1. Anasayfa
  2. Teknoloji
  3. Aşı dağıtımında ihtilal niteliğinde adım: Soğuk zincir tarihe mi karışıyor?

Aşı dağıtımında ihtilal niteliğinde adım: Soğuk zincir tarihe mi karışıyor?

admin admin -

- 4 dk okuma süresi
18 0

Aşılar, çağdaş tıbbın en büyük başarılarından biri olarak kabul edilir ve dünya genelinde milyonlarca hayatı kurtarmıştır. Lakin, aşı dağıtımının ve depolanmasının önündeki en büyük lojistik pürüzlerden biri, birçoklarının titizlikle soğuk şartlarda saklanması gerekliliğidir. Dünyanın bilhassa uzak yahut gelişmekte olan bölgelerinde, aşıların üretim noktasından son kullanıcıya ulaşana kadar bu kritik soğuk zinciri sürdürmek hem kuvvetli hem de epey maliyetlidir.

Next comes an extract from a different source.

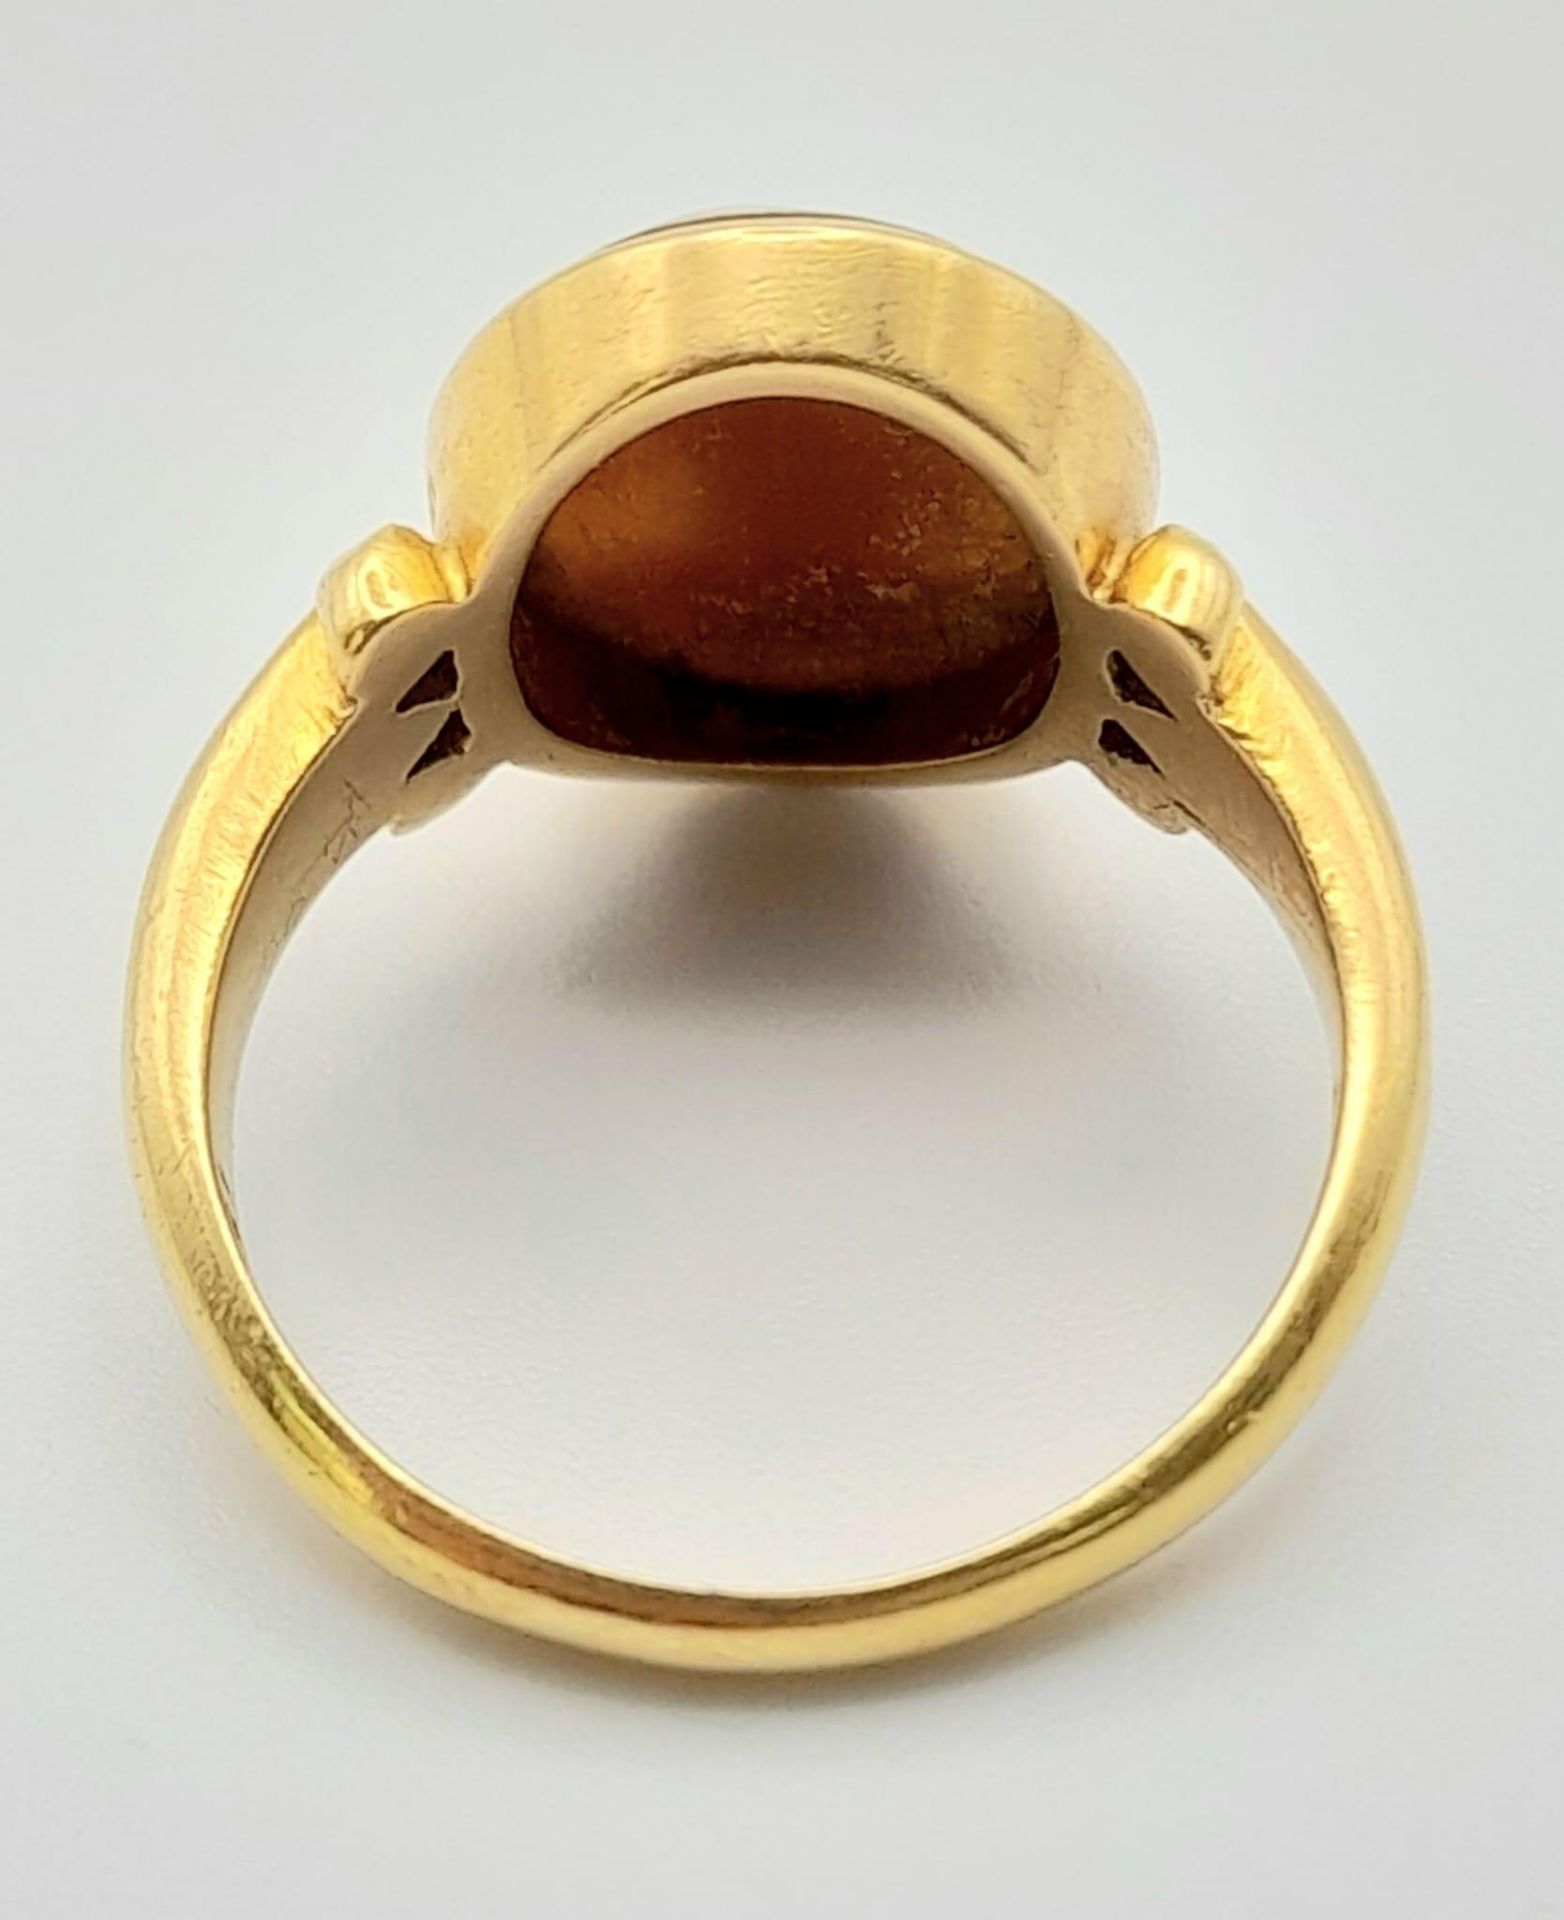 A Vintage 18K Yellow Gold Cameo Ring. Size N. 5.4g total weight. - Image 4 of 7

Geleneksel soğuk zincir sistemindeki kopmalar yahut yetersizlikler nedeniyle, üretilen aşıların yaklaşık yarısının kullanım noktasına ulaşamadan bozulduğu ve israf olduğu varsayım edilmektedir. Bu durum, aslında şiddetli şartlarda yaşayan yahut altyapısı yetersiz olan nüfuslar için aşı erişimini önemli halde kısıtlamaktadır. Sağlam soğutma sistemlerine erişimin kısıtlı olduğu yerlerde, hayat kurtarıcı aşı dozlarını ulaştırmak büyük bir sorun olmaya devam etmektedir.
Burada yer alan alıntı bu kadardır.